Dataset content ->
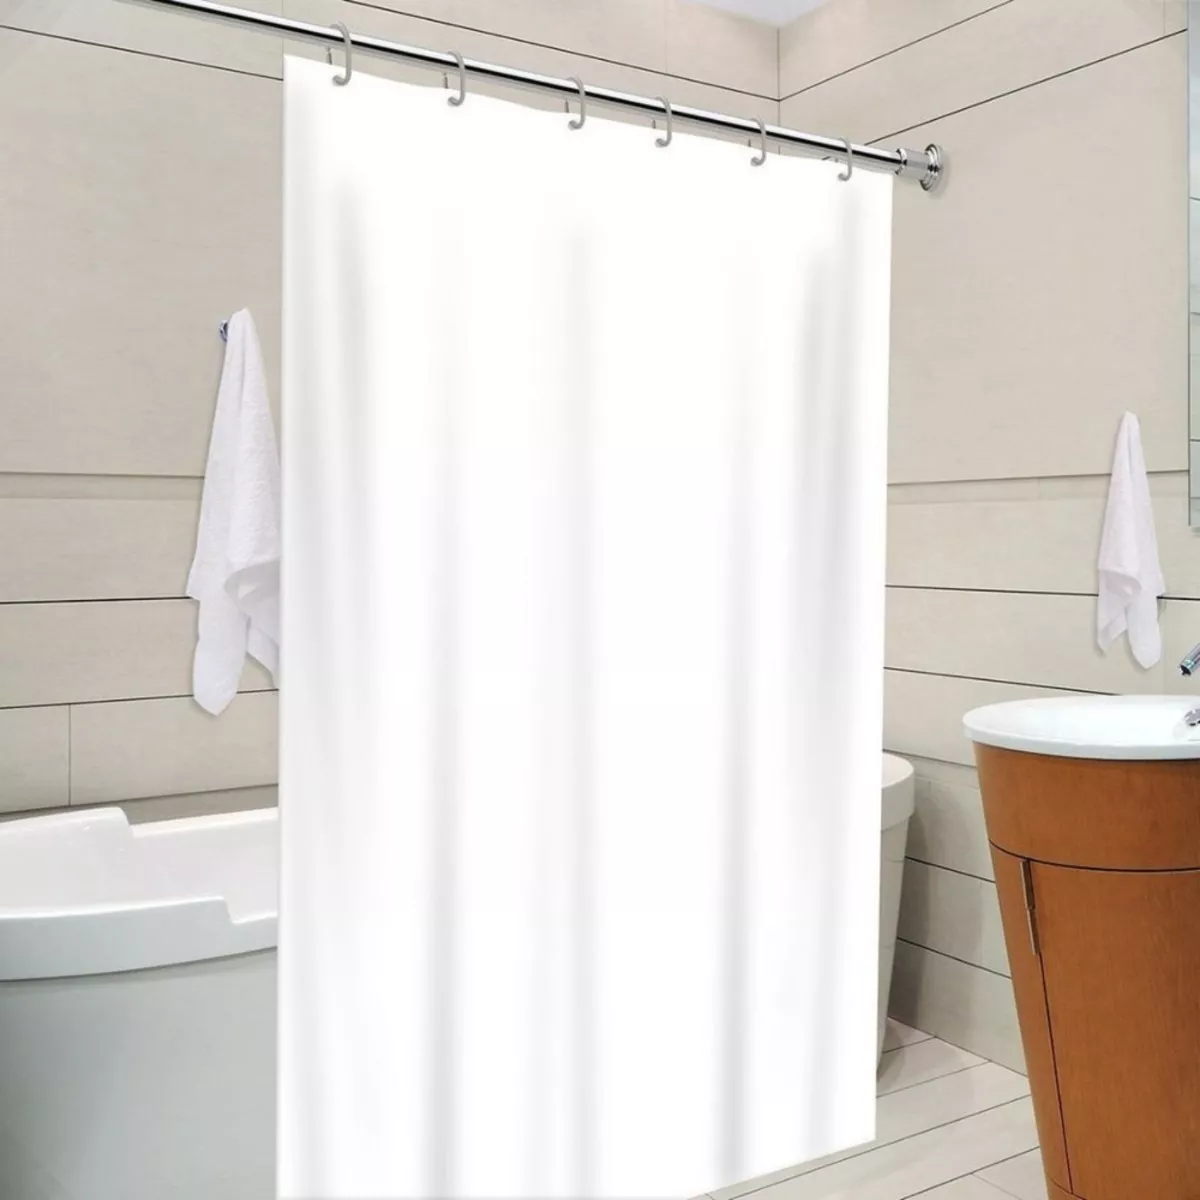 Primeira imagem para pesquisa de cortina de banheiro
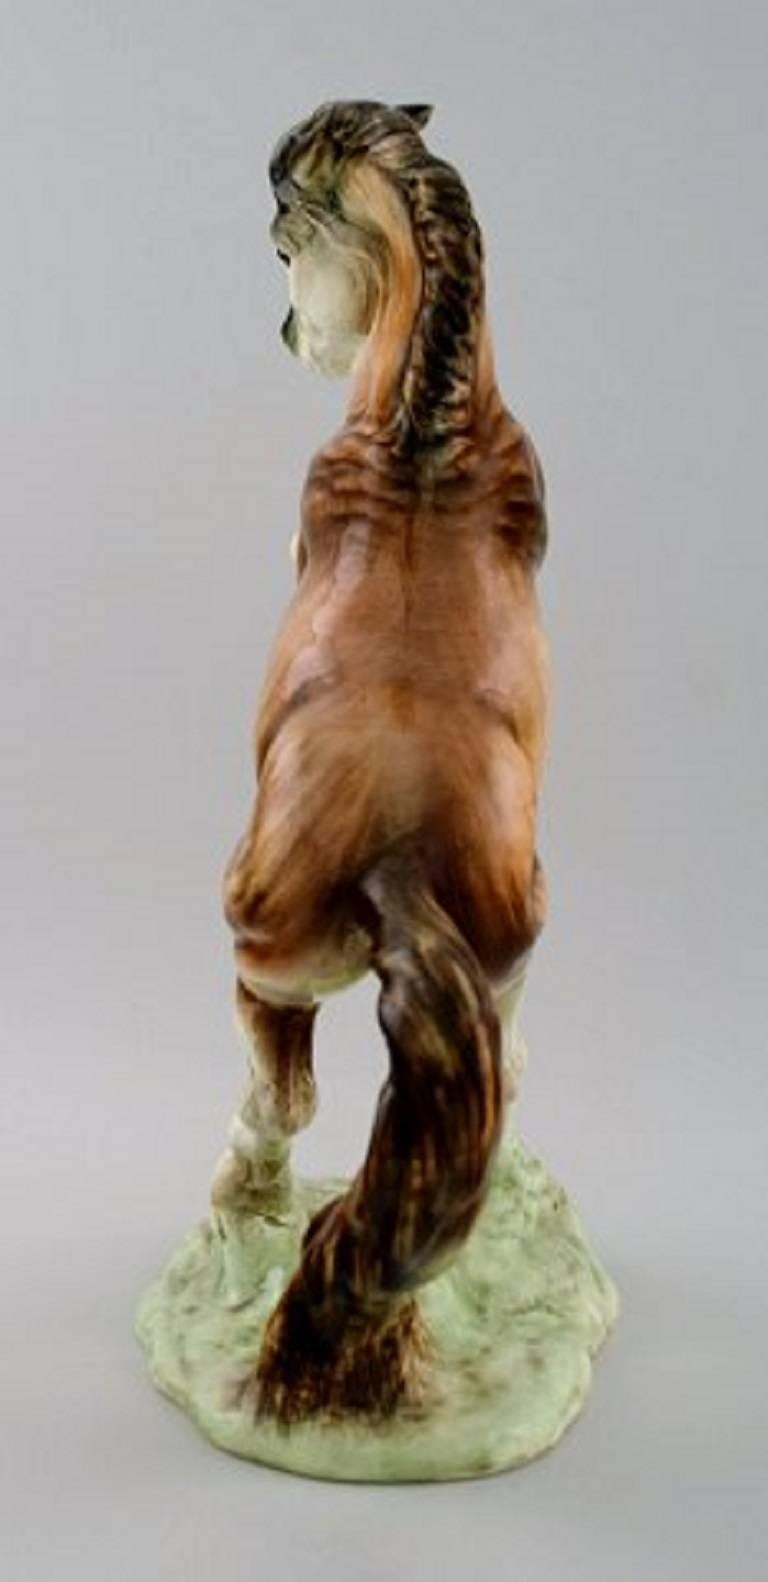 Grande figurine Goldschneider en porcelaine, cheval cabré.

Dimensions : 32 x 22 cm.

En parfait état.

Marqué : Goldschneider, fabriqué en Angleterre.
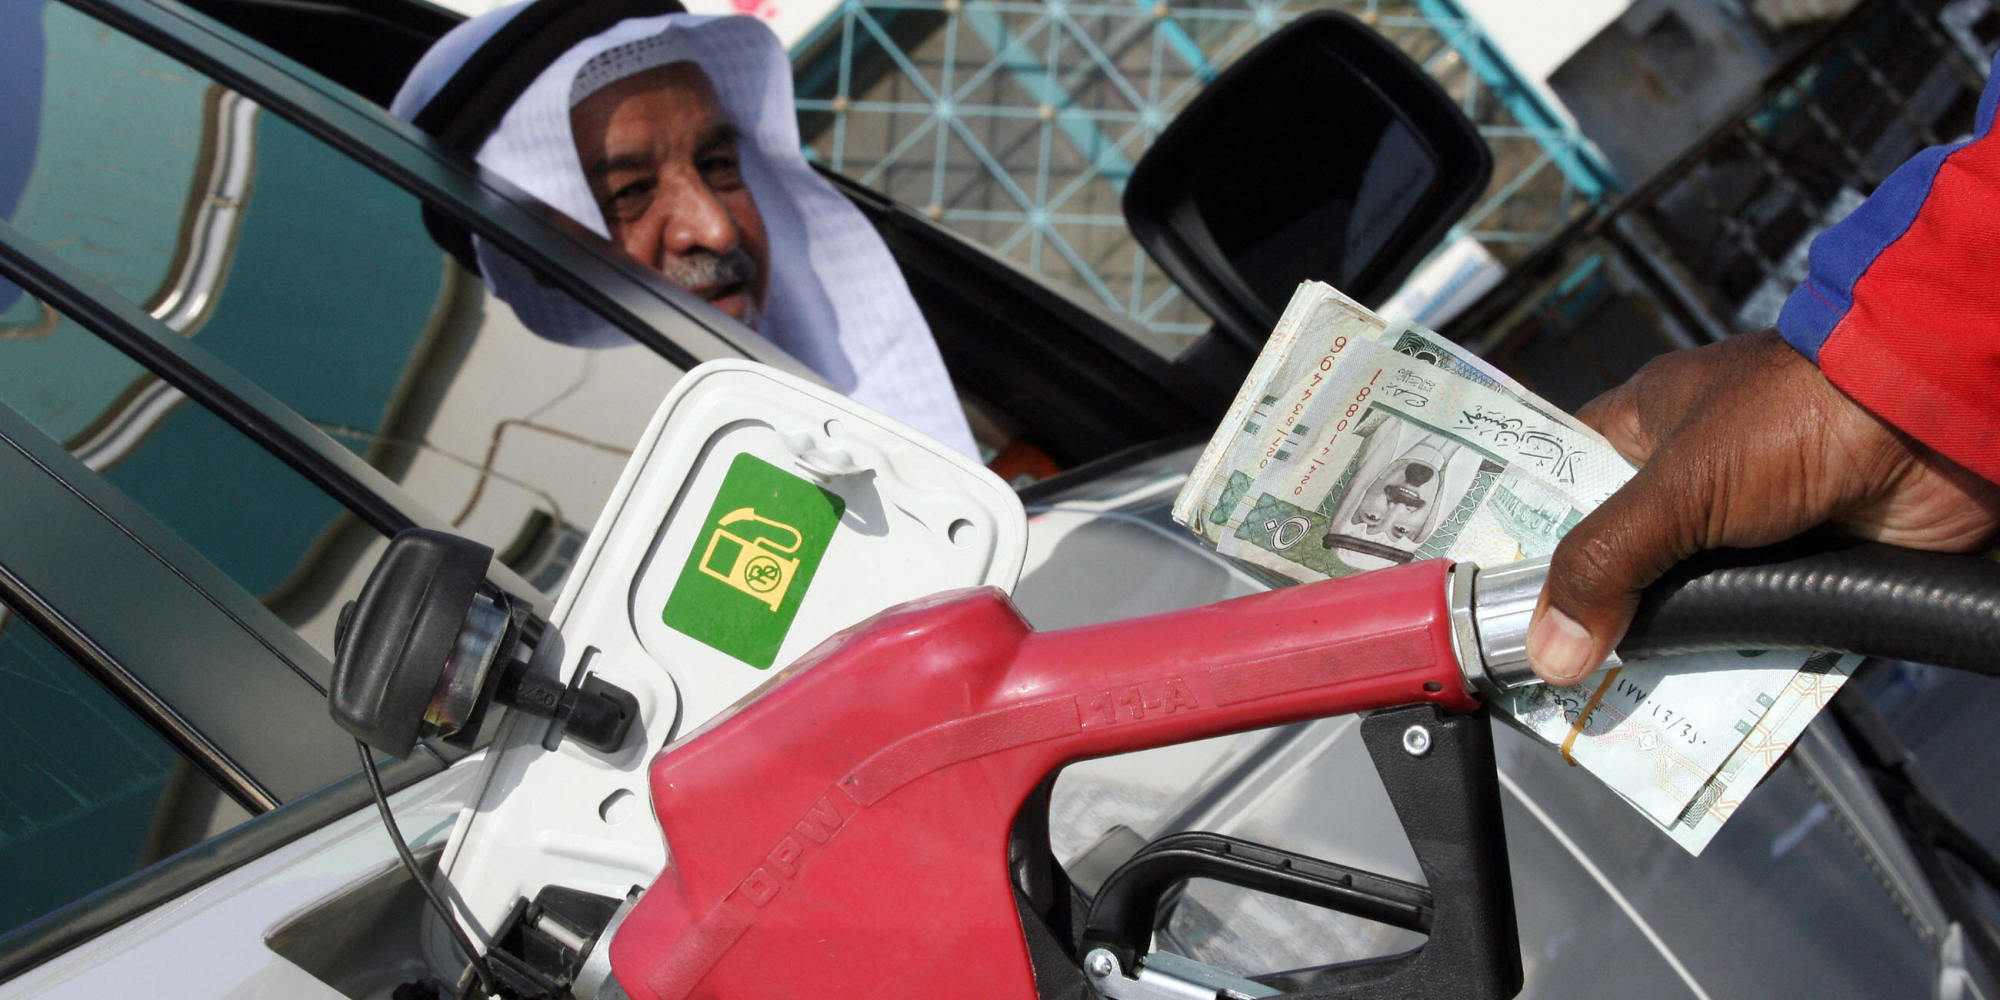 سعر البنزين الجديد لشهر سبتمبر 2021 في المملكة السعودية وتحديث شركة ارامكو للأسعار

Work request -> Nothing but the lines from the line containing "Dimensions : 32 x 22 cm." through the end of the records belongs in the answer, written out exactly, both ends included, without pictures.

Expected output ->
Dimensions : 32 x 22 cm.

En parfait état.

Marqué : Goldschneider, fabriqué en Angleterre.
 سعر البنزين الجديد لشهر سبتمبر 2021 في المملكة السعودية وتحديث شركة ارامكو للأسعار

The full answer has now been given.